Gewerbeausstellung

Die Expo findet erst 2021 in Frick statt – neues Konzept soll neuen Schwung bringen

«Die Gewerbeausstellungen sind kein Auslaufmodell»: Bernhard Stöckli (im Bild beim Aufbau der Expo 17).

«Die Gewerbeausstellungen sind kein Auslaufmodell»: Bernhard Stöckli (im Bild beim Aufbau der Expo 17).

Die Zeiten für klassische Gewerbeausstellungen sind härter geworden. Die Muba in Basel fand im Februar zum letzten Mal statt und auch die Züspa in Zürich und die Comptoir Suisse in Lausanne sind Geschichte. Die traditionellen Konsumgütermessen entsprächen gerade in städtischen Gebieten nicht mehr den Erwartungen der Aussteller und des Publikums, begründete die MHC Group das Aus der drei Messen.

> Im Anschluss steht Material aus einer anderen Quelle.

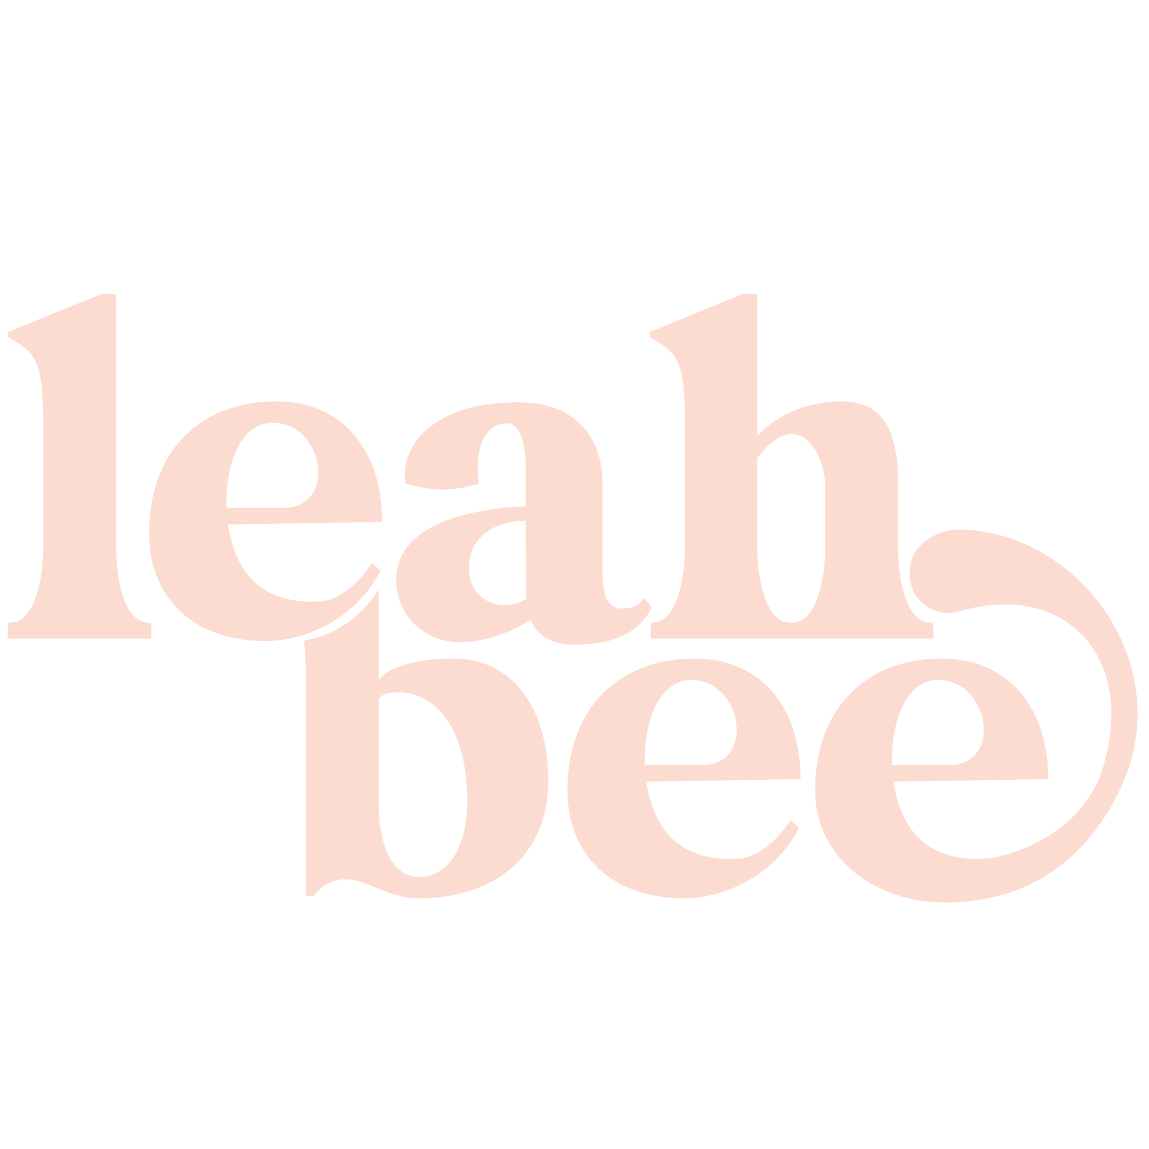 Leah Beecham

Auf dem Land haben es Gewerbeausstellungen zwar noch einfacher. Aber auch hier spürt man zum einen die Konkurrenz durch das Internet, zum anderen den Druck, unter dem die Betriebe heute stehen. So findet die Expo 2019 in Rheinfelden im Mai mit rund 120 statt der erwarteten 130 bis 150 Aussteller statt. «Gerade für die kleineren Betriebe ist es aufwendig, sich an der Expo zu präsentieren, braucht es doch personelle Ressourcen, die dann dem Betrieb temporär nicht zur Verfügung stehen», sagte OK-Präsident Raymond Keller bei der Einwasserung des Expo-Wasserrades Mitte März. Zudem sei es auch eine Kostenfrage, sich an der Expo zu präsentieren. Ein Stand kostet zwischen 5000 und 25'000 Franken.

Ähnliche Erfahrungen hat man auch in Frick gemacht. Hier fand die letzte Expo 2017 statt. «Sie war ein Erfolg», blickt OK-Präsident Bernhard Stöckli zurück. Man habe überwiegend positive Rückmeldungen erhalten. Allerdings machte auch in Frick die Entwicklung der Teilnehmer Sorgen. Stellten 2011, als das neue Weltenkonzept lanciert wurde, noch rund 110 Betriebe aus, waren es drei Jahre später noch knapp 100 Unternehmen. 2017 sank die Zahl der Aussteller nochmals um zehn Prozent auf rund 90.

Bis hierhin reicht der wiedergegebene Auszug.